Crude oil inventories fell by a larger-than-expected 4.4 million barrels in the May 19 week to 516.3 million, extending the drawdown streak to 7 consecutive weeks and narrowing the gain on the year ago level to 2.1 percent. Product inventories also declined, though less than analysts expected, with gasoline down 0.8 million barrels to 239.9 million, down 0.1 percent from the same period last year, and distillates down 0.5 million barrels to 146.3 million, 3.0 percent below the year ago level. Analysts had expected a smaller decrease of around 3 million barrels for crude oil inventories, with the American Petroleum Institute (API), an industry group, Tuesday reporting a weekly decrease of 1.5 million barrels. But the EIA-reported gasoline and distillates drawdowns were much smaller than expected, as the API report showed gasoline down 3.2 million barrels and distillates down 1.9 million.

Crude oil imports fell in the week, averaging 8.3 million barrels per day, down 296,000 barrels per day from the prior week. Imports over the last 4 weeks averaged 8.2 million barrels per day, 8.1 percent above the same period last year.

On the demand side, total product supplied over the last 4 weeks averaged 20.2 million barrels per day, down 0.8 percent from last year at this time. Of this amount, motor gasoline supplied averaged 9.4 million barrels per day, down 1.9 percent year-on-year, while distillates supplied averaged 4.2 million barrels per day, up 3.6 percent from the year ago level.

WTI crude oil prices, which have been propelled higher in recent sessions by expectations that OPEC will extend its 1.8 million barrel per day output cut by 6 to 9 months this Thursday, gyrated in a range of $51.30 to $51.70 per barrel immediately following the EIA release.

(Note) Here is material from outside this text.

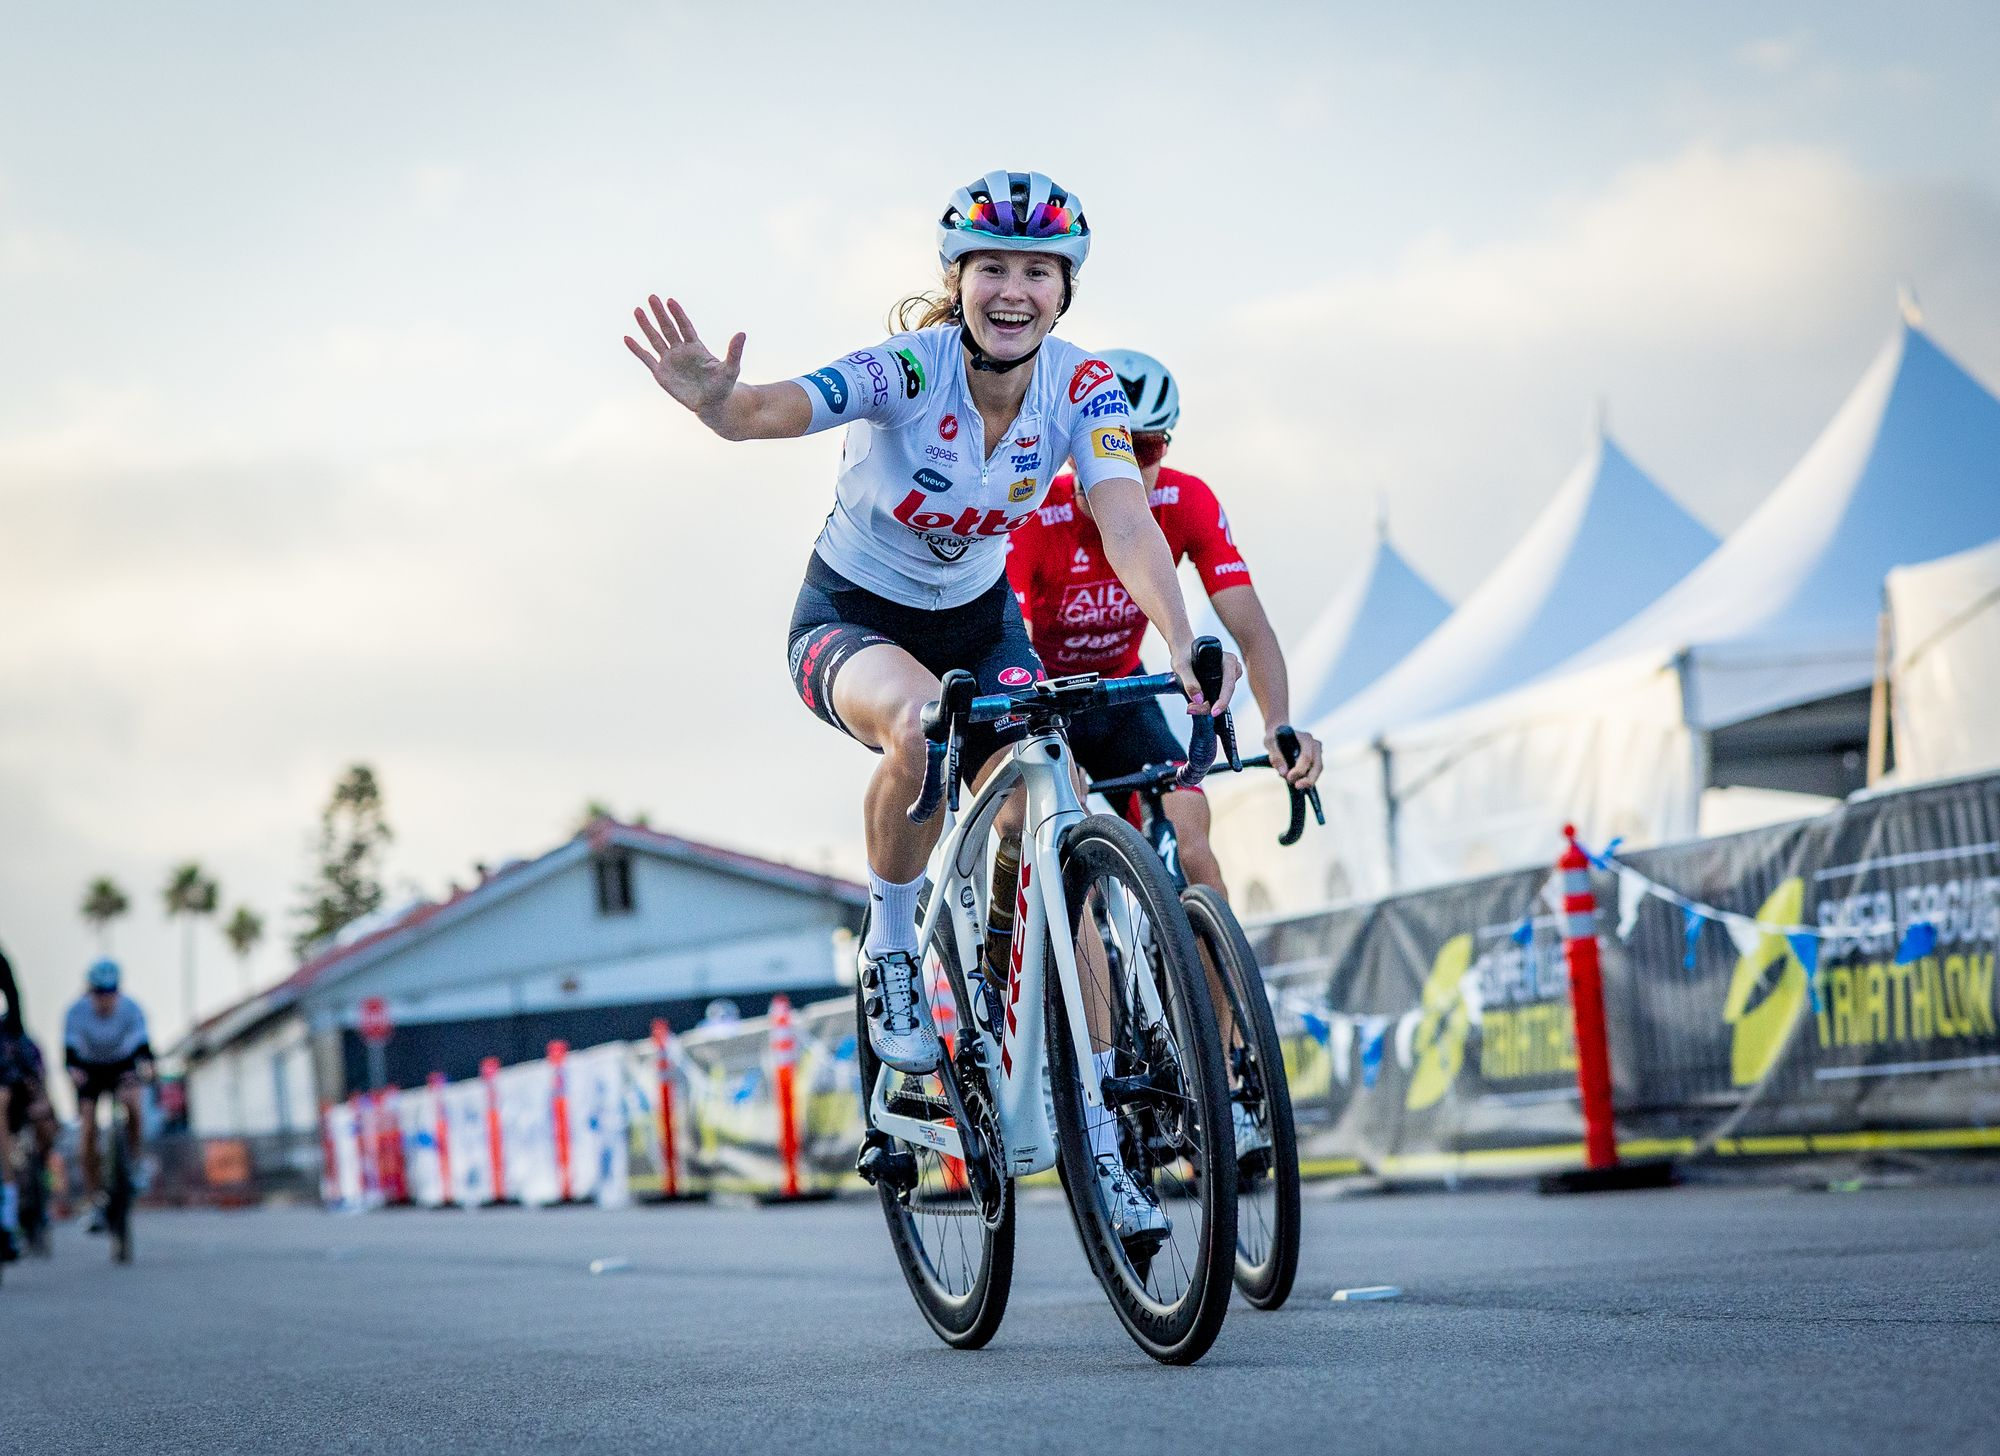 ROUVY Ambassador Hanne de Vet waving and smiling while riding her Trek bike

The Energy Information Administration (EIA) provides weekly information on petroleum inventories in the U.S., whether produced here or abroad. The level of inventories helps determine prices for petroleum products.  Why Investors Care
As is evident from the chart, crude oil stocks can fluctuate dramatically over the year. When oil prices nearly reached $50 per barrel in August 2004, financial market players began to monitor crude oil inventories. It is not surprising to see sharp price hikes in crude oil when inventories are falling. Conversely, one would expect price declines when inventories are rising.